Conference: ICLR2026
OpenReview: https://openreview.net/forum?id=NQq9JLMfNN
Code: TBD
Area: 3D Vision
Keywords: 3D scene understanding, physical world model, optical flow control, novel view synthesis, depth estimation

TL;DR¶

3WM unifies RGB image patches, optical flow patches, and camera poses into a random-access probabilistic graphical model. Using GPT-style autoregressive prediction, it completes novel view synthesis (NVS), 3D object manipulation, and self-supervised depth estimation within a single prompt interface, outperforming specialized models on multiple real-world benchmarks.

Background & Motivation¶

Background: 3D scene understanding is typically decoupled into several independent tasks: depth estimation recovers geometric layers from a single image, novel view synthesis renders unseen viewpoints from observations, and 3D object manipulation moves or rotates local objects under a fixed camera. All these tasks essentially answer the same physical question: how do visible surfaces, occlusion relationships, and pixel motions change when the observer or objects change?

Limitations of Prior Work: Mainstream methods often model each task separately. Depth models prioritize visible regions but struggle to infer occluded back surfaces; NVS models generate images but often sacrifice geometric consistency or camera control precision; object editing methods based on dragging or diffusion inversion enable local changes but frequently suffer from background drift, identity shifts, or artifacts in original positions on real images. Furthermore, these systems cannot naturally share training signals: occlusion knowledge learned during object motion cannot be directly transferred to depth estimation or camera motion reasoning.

Key Challenge: 3D understanding requires a physical scene model capable of conditional reasoning across multiple variables, rather than a set of task-specific models with fixed inputs and outputs.
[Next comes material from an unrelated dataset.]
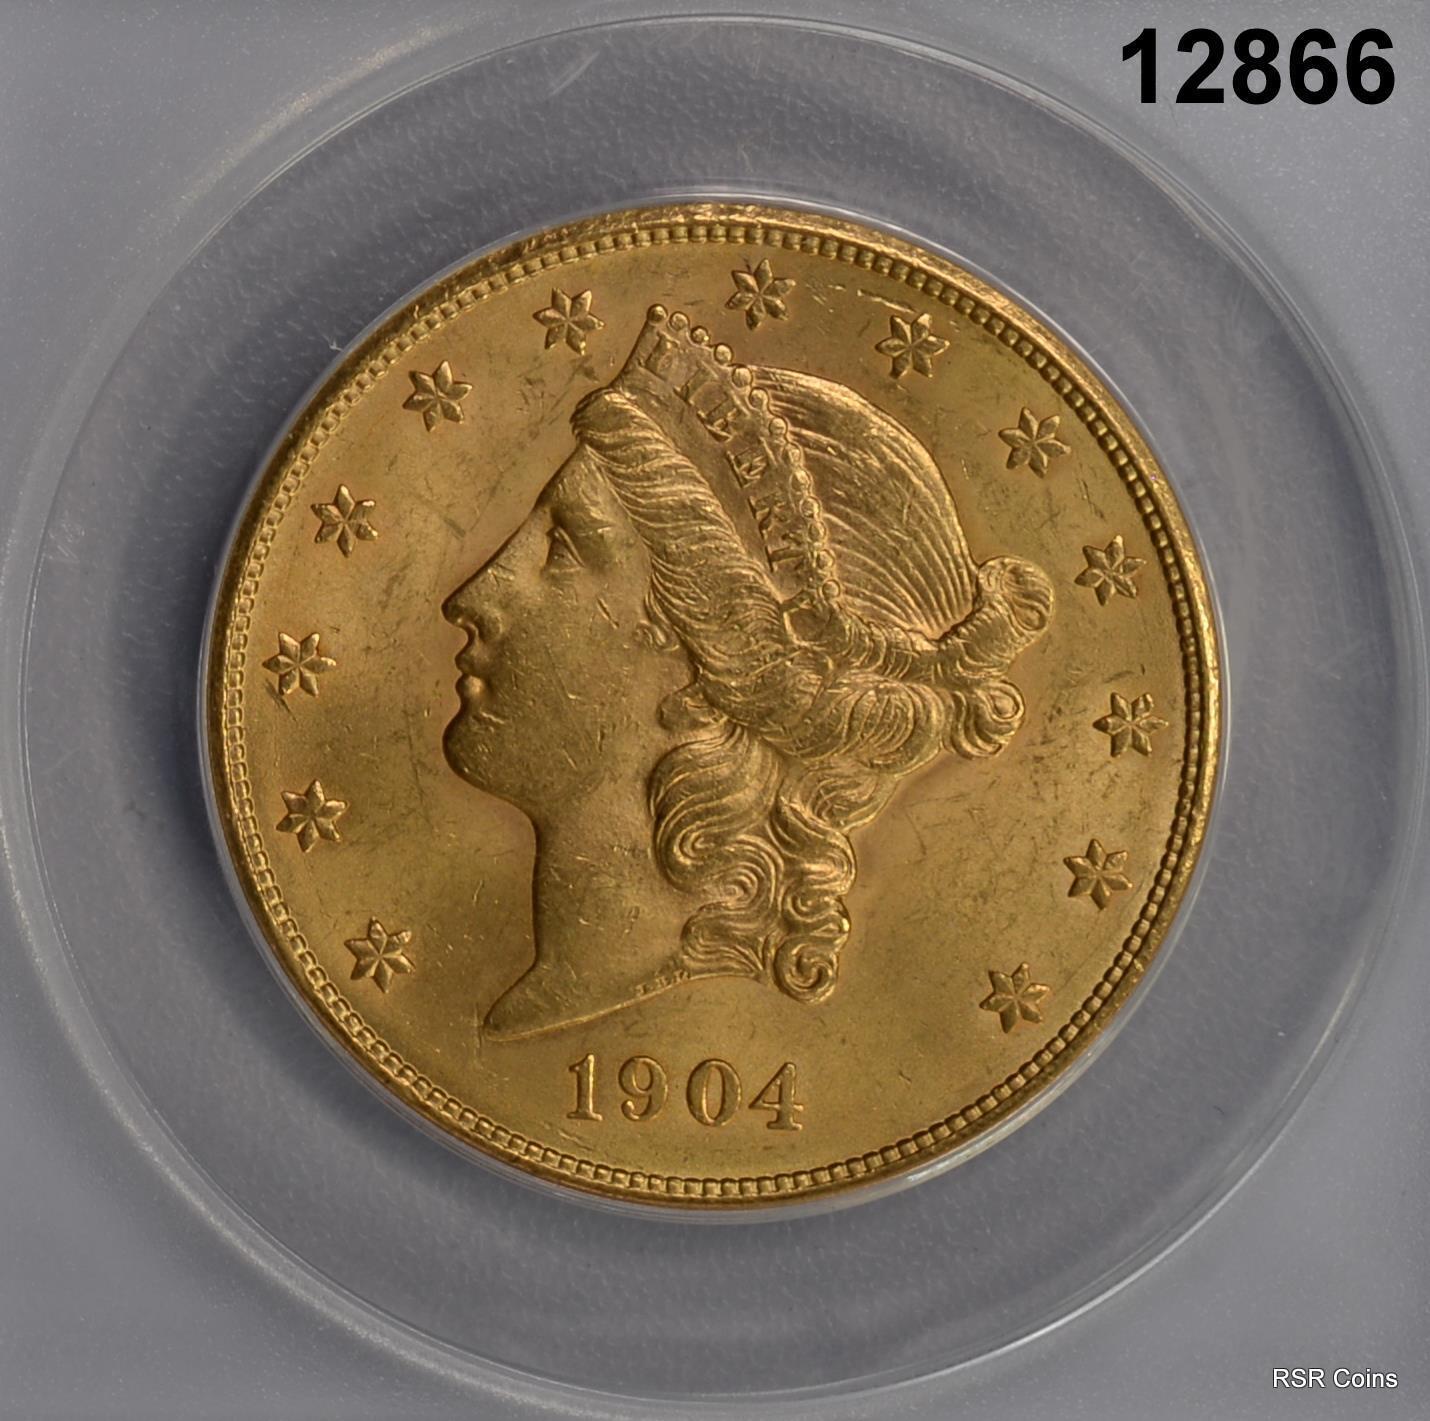 1904 $20 GOLD LIBERTY ANACS CERTIFIED MS62 LOOKS BETTER! #12866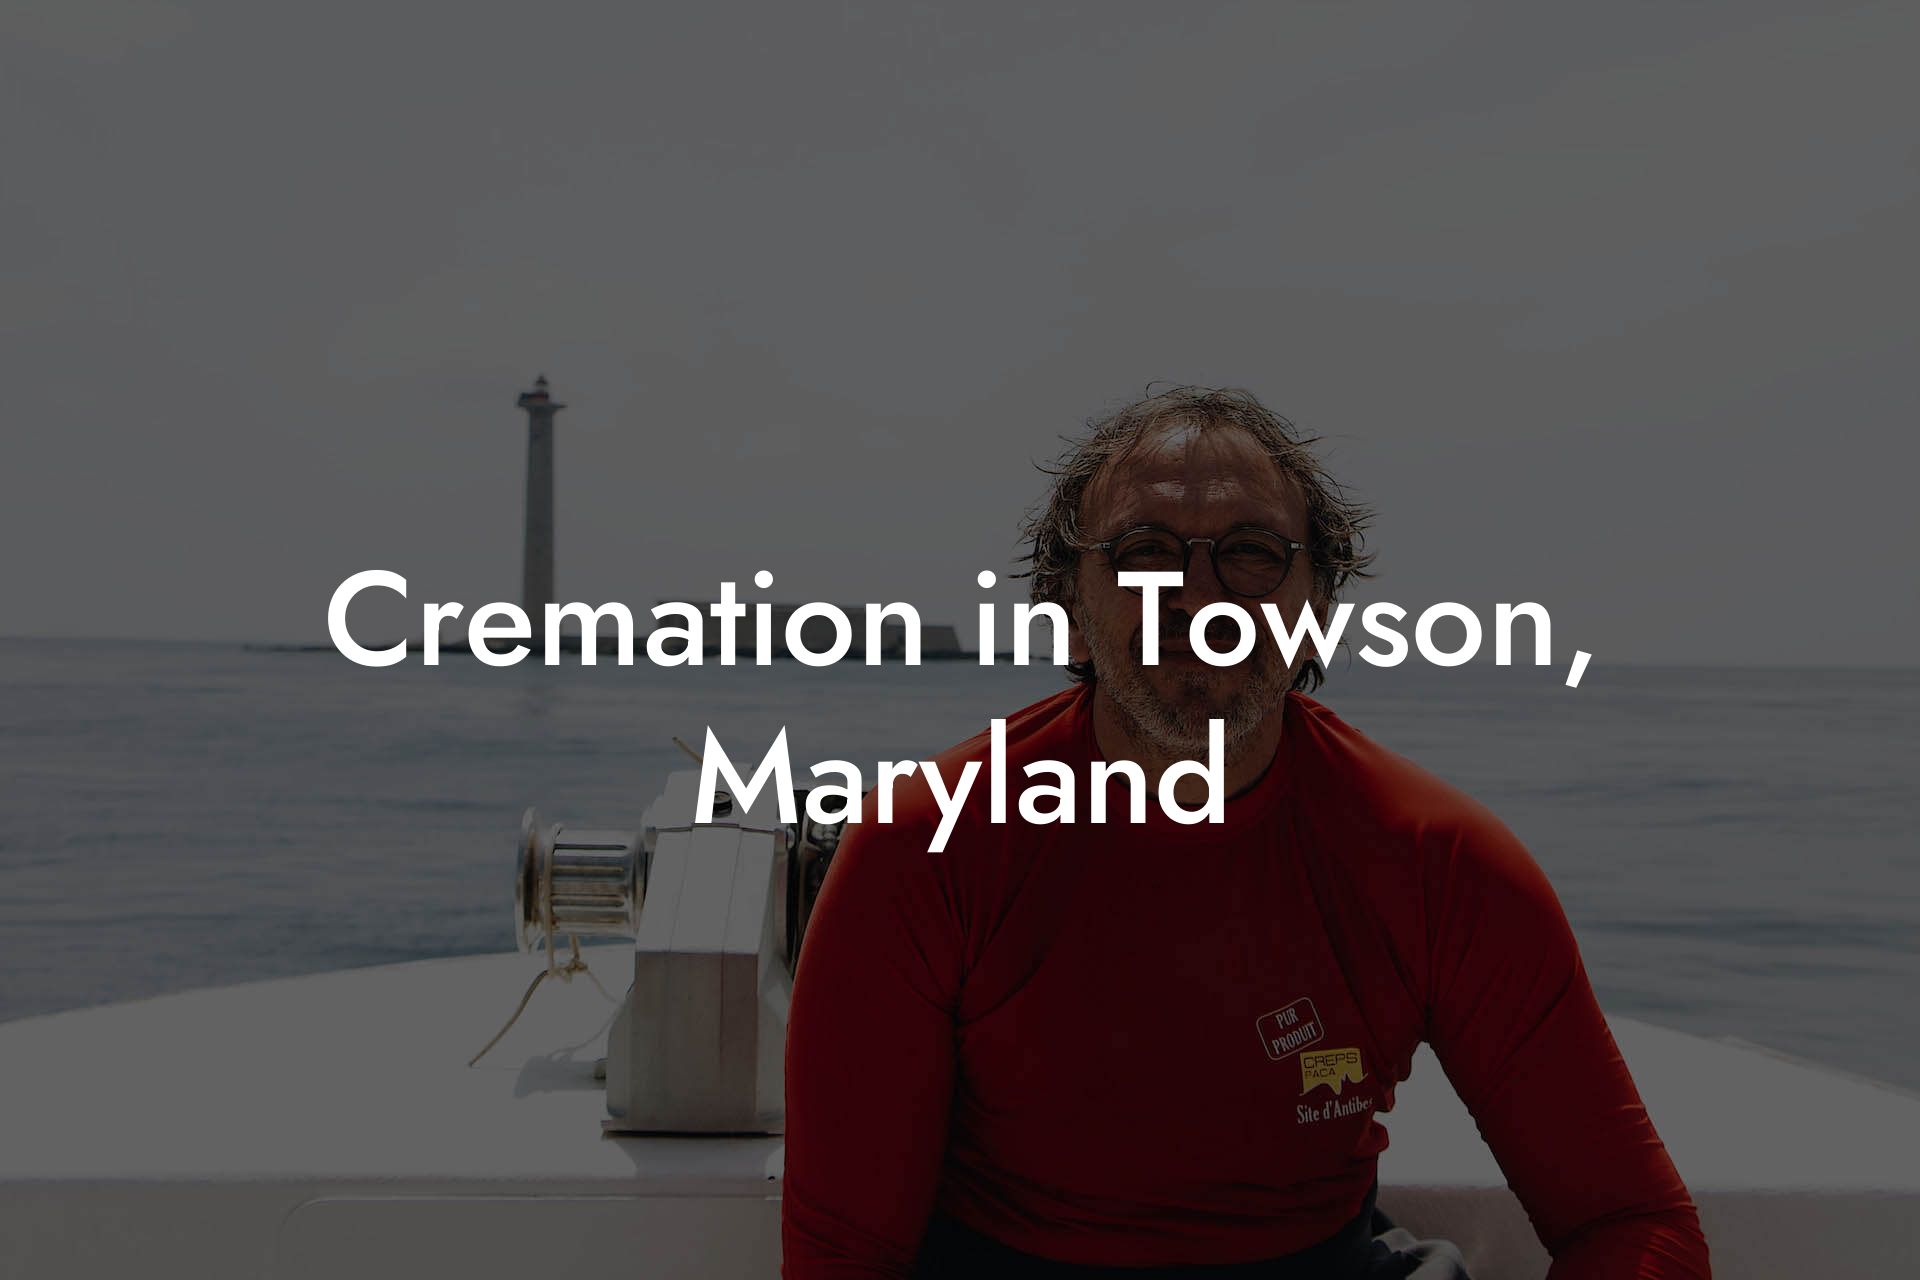 Cremation in Towson, Maryland

Existing paradigms hardcode task boundaries into network architectures and training objectives, allowing models to only answer predefined questions. When users want to combine operations—such as removing an obstacle before moving the camera forward—the system lacks a unified state representation and composable reasoning paths.

Goal: The authors aim to build a unified model where RGB, optical flow, and camera poses are nodes in the same probabilistic graph. Consequently, NVS can be viewed as "predicting next-frame RGB given RGB and motion fields," object manipulation as "predicting edited RGB given RGB and local flow constraints," and depth estimation as "predicting geometry-induced flow given RGB and camera translation, then back-projecting to depth via parallax."

Key Insight: The paper selects optical flow as the physical control interface. Flow is both local and editable, directly describing pixel displacement caused by camera or object motion. Compared to using only camera poses, flow bypasses scale ambiguity; compared to text or implicit controls, it precisely specifies which regions move, by how much, and whether the background remains static.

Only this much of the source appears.